Be aware that using the previous transformations implies modeling the transformed response rather than $Y.$ Normality is also possible to patch if it is a consequence of the failure of linearity or homoscedasticity, which translates the problem into fixing those assumptions.

3.5.3 Homoscedasticity

The constant-variance assumption of the errors is also key for obtaining the inferential results we saw. For example, if the assumption does not hold, then the CIs for prediction will not respect the confidence for which they were built.

3.5.3.1 How to check it

Heteroscedasticity can be detected by looking into irregular vertical dispersion patterns in the residuals vs. fitted values plot. However, it is simpler to use the scale-location plot, where the standardized residuals are transformed by a square root of its absolute value, and inspect the deviations in the positive axis.

plot(mod, 3)

Figure 3.22: Scale-location plot for the Price ~ Age + AGST + HarvestRain + WinterRain model for the wine dataset.

Under homoscedasticity, we expect the red curve, a flexible fit of the mean of the transformed residuals, to be almost constant about $1$. If there are clear non-constant patterns, then there is evidence of heteroscedasticity.

Figure 3.23: Scale-location plots for datasets respecting (left column) and violating (right column) the homoscedasticity assumption.

There are formal tests to check the null hypothesis of homoscedasticity in our residuals. For example, the Breusch–Pagan test implemented in car::ncvTest:

# Breusch-Pagan test
car::ncvTest(mod)
## Non-constant Variance Score Test 
## Variance formula: ~ fitted.values 
## Chisquare = 0.3254683, Df = 1, p = 0.56834
# We do not reject homoscedasticity

The Breusch–Pagan test checks homoscedasticity against a non-constant variance in the residuals that is linearly increasing with respect to the predictors. This means that the test can be fooled by a nonlinear pattern in the variance of the residuals that results in a flat linear fit (e.g., a quadratic pattern).

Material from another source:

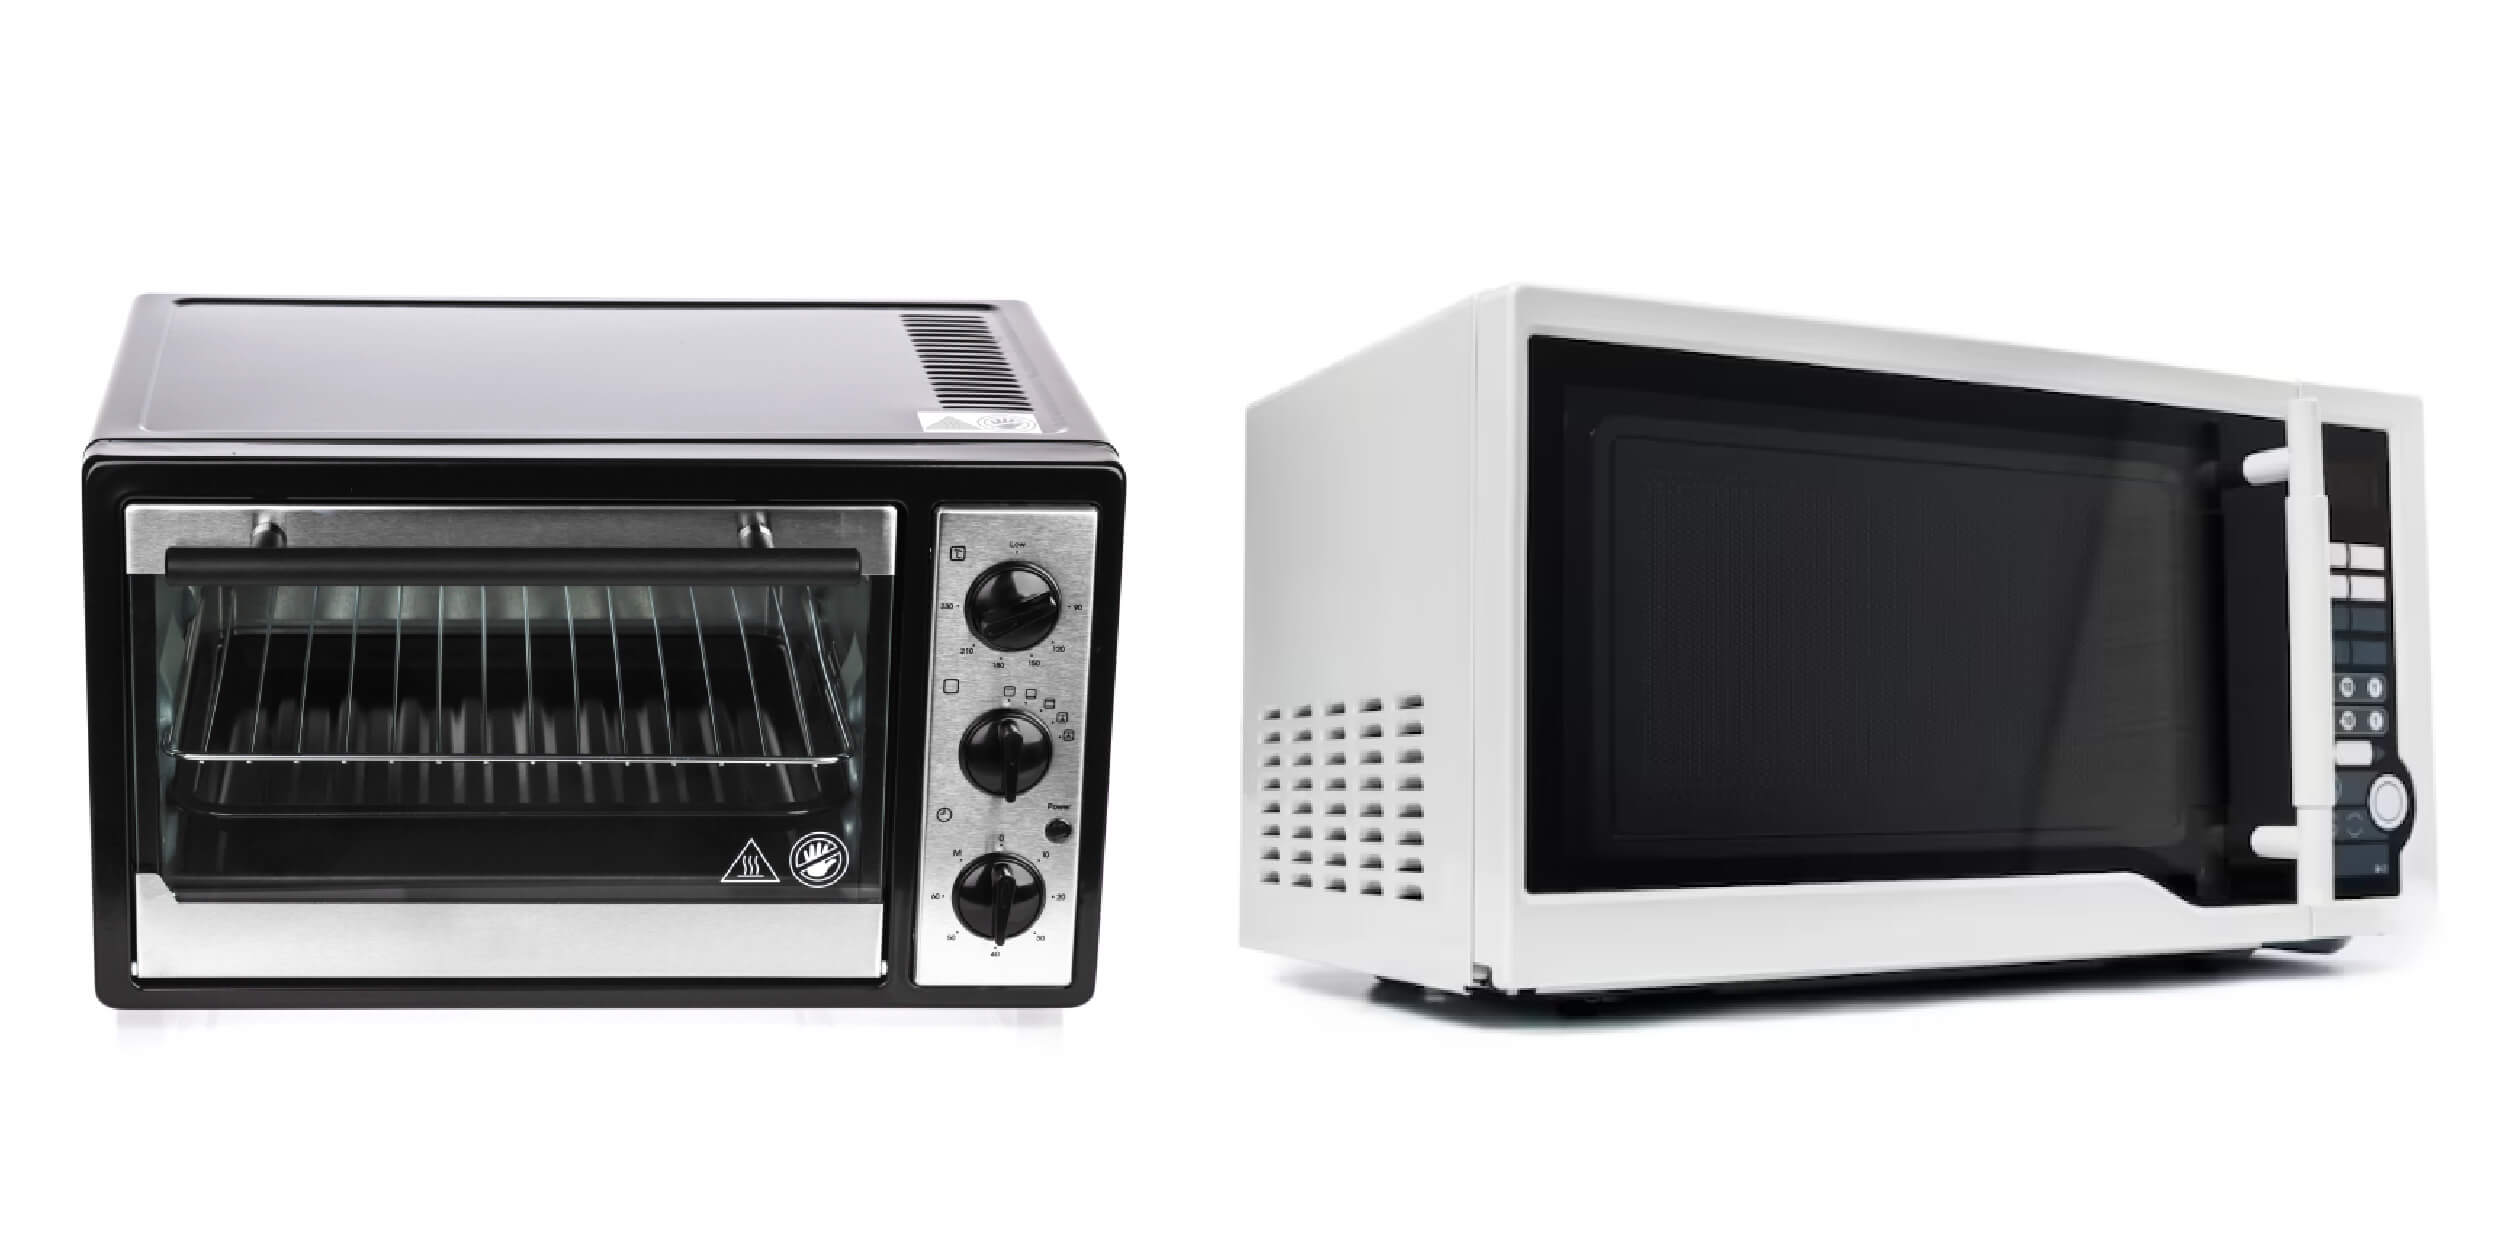 Toaster Oven vs Microwave: Choosing the Best Kitchen Appliance

It is advised then to check the scale-location plot if performing the Breusch–Pagan test, in order to identify evident non-constant variances hidden behind tricky nonlinearities.

The next code illustrates the previous warning with two examples.

# Heteroscedastic models
set.seed(123456)
x <- rnorm(100)
y1 <- 1 + 2 * x + rnorm(100, sd = x^2)
y2 <- 1 + 2 * x + rnorm(100, sd = 1 + x * (x > 0))
mod_het1 <- lm(y1 ~ x)
mod_het2 <- lm(y2 ~ x)

# Heteroscedasticity not detected
car::ncvTest(mod_het1)
## Non-constant Variance Score Test 
## Variance formula: ~ fitted.values 
## Chisquare = 2.938652e-05, Df = 1, p = 0.99567
plot(mod_het1, 3)

# Heteroscedasticity correctly detected
car::ncvTest(mod_het2)
## Non-constant Variance Score Test 
## Variance formula: ~ fitted.values 
## Chisquare = 41.03562, Df = 1, p = 1.4948e-10
plot(mod_het2, 3)

Figure 3.24: Two heteroscedasticity patterns that are undetected and detected, respectively, by the Breusch–Pagan test.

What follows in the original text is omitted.